True, there is a finite amount of resources on the planet. However, we can stretch those resources more than we do, or for more effect. We can use the supply more efficiently to meet the demand while keeping prices stable.

Artificially inflated costs make it difficult for medical facilities to keep up a supply. Most medicines are (relatively) cheap to produce; it’s the R&D that costs. Why is medication so expensive?

It Is All About The Profit Margin

Money that is no longer available to be made due to fair pricing is the opportunity cost of those who would otherwise get rich off of ridiculous markups.

Martin Shkreli , a.k.a. ‘Pharmabro’ is the poster child of this. He’s not the first one. He’s not the only one.

But even assuming a legitimate shortage of supply… In the case of healthcare, shortages of healthcare are localized, and really only exist for those who are impoverished. More resources there would increase the availability of providers, because those people who can afford medical care already get it without the need for community clinics.

That being said….

Inability To Solve One Problem Doesn’t Mean We Should Ignore Other Problems

If Williamson is really concerned about the lack of availability, why not see this as an opportunity to offer a solution? While acknowledging the problem, he instead chooses to misrepresent those concerned about the cost of healthcare.

“There is no substitute for abundance. And the great enemy of abundance is the bias against profit.

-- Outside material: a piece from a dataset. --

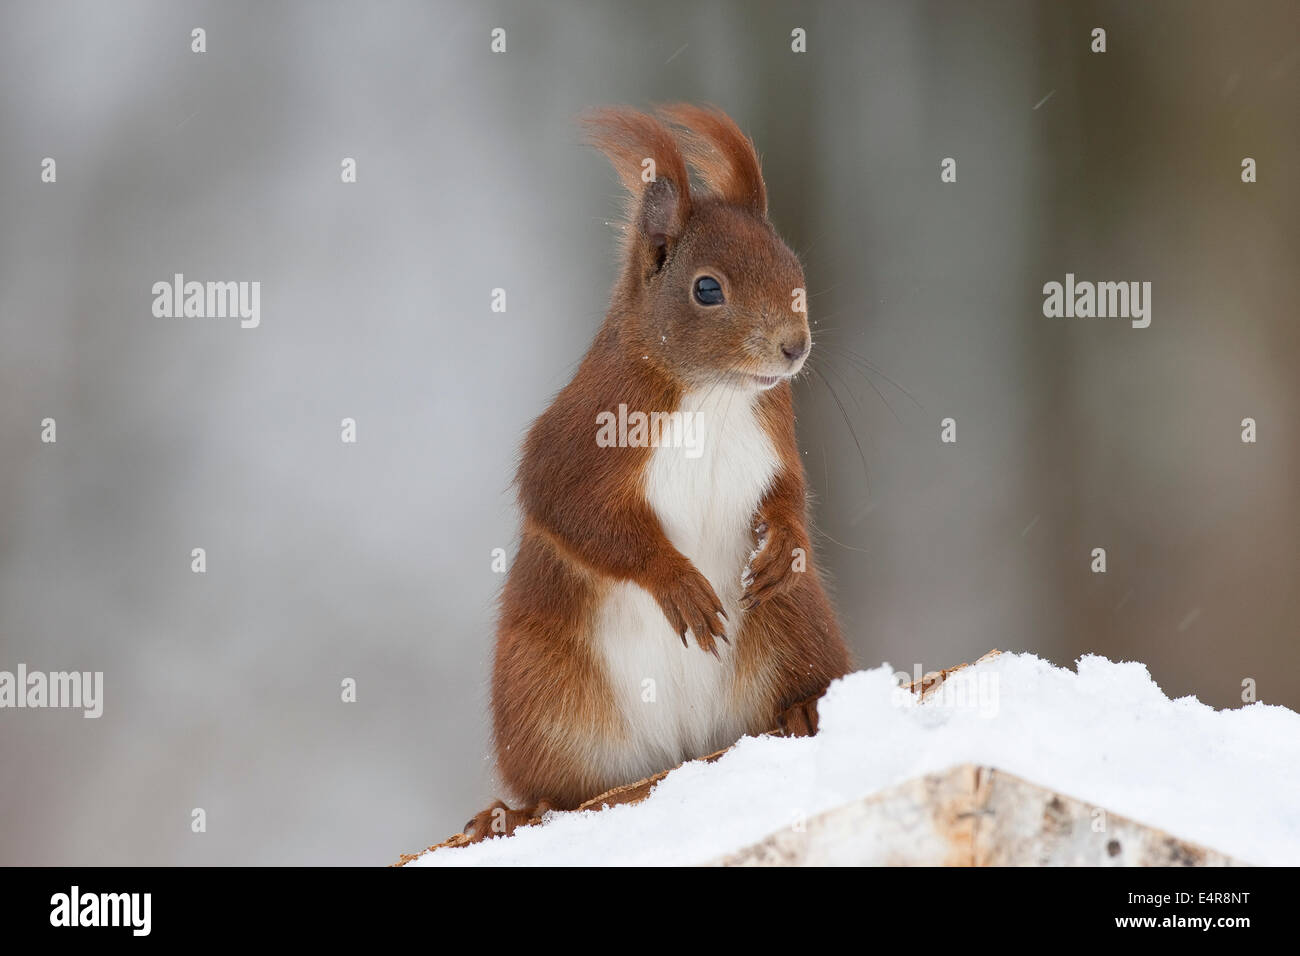 Red squirrel, Eurasian red squirrel, squirrel, birdhouse, Eichhörnchen, am Vogelhaus, Vogelfütterung, Sciurus vulgaris Stock Photo

There is something deeply rooted in us that instinctively thinks we are being abused if someone else makes a profit on a deal.”

The problem is not a matter of people hating others who profit. In reality, it’s a discontent with people who profit literally at the expense of others’ lives. Essentially, people who are abusing others AND making a profit for doing so. Low quality, high cost healthcare certainly is no substitute for abundance.

Either way, Williamson offers no solution to the actual problem, nor the facsimile he presents.

We can fix healthcare. In the process, we can solve the problem of jobs and the economy. The problems are linked.

Lower the costs of healthcare goods and services. Lower the cost of healthcare personnel training. Increase the quality of both through research and development.

In the short term, this means a financial hit. That’s why it hasn’t been done. In other words, there is something “deeply rooted” in us that instinctively thinks we are being abused when we can’t make money off of other people.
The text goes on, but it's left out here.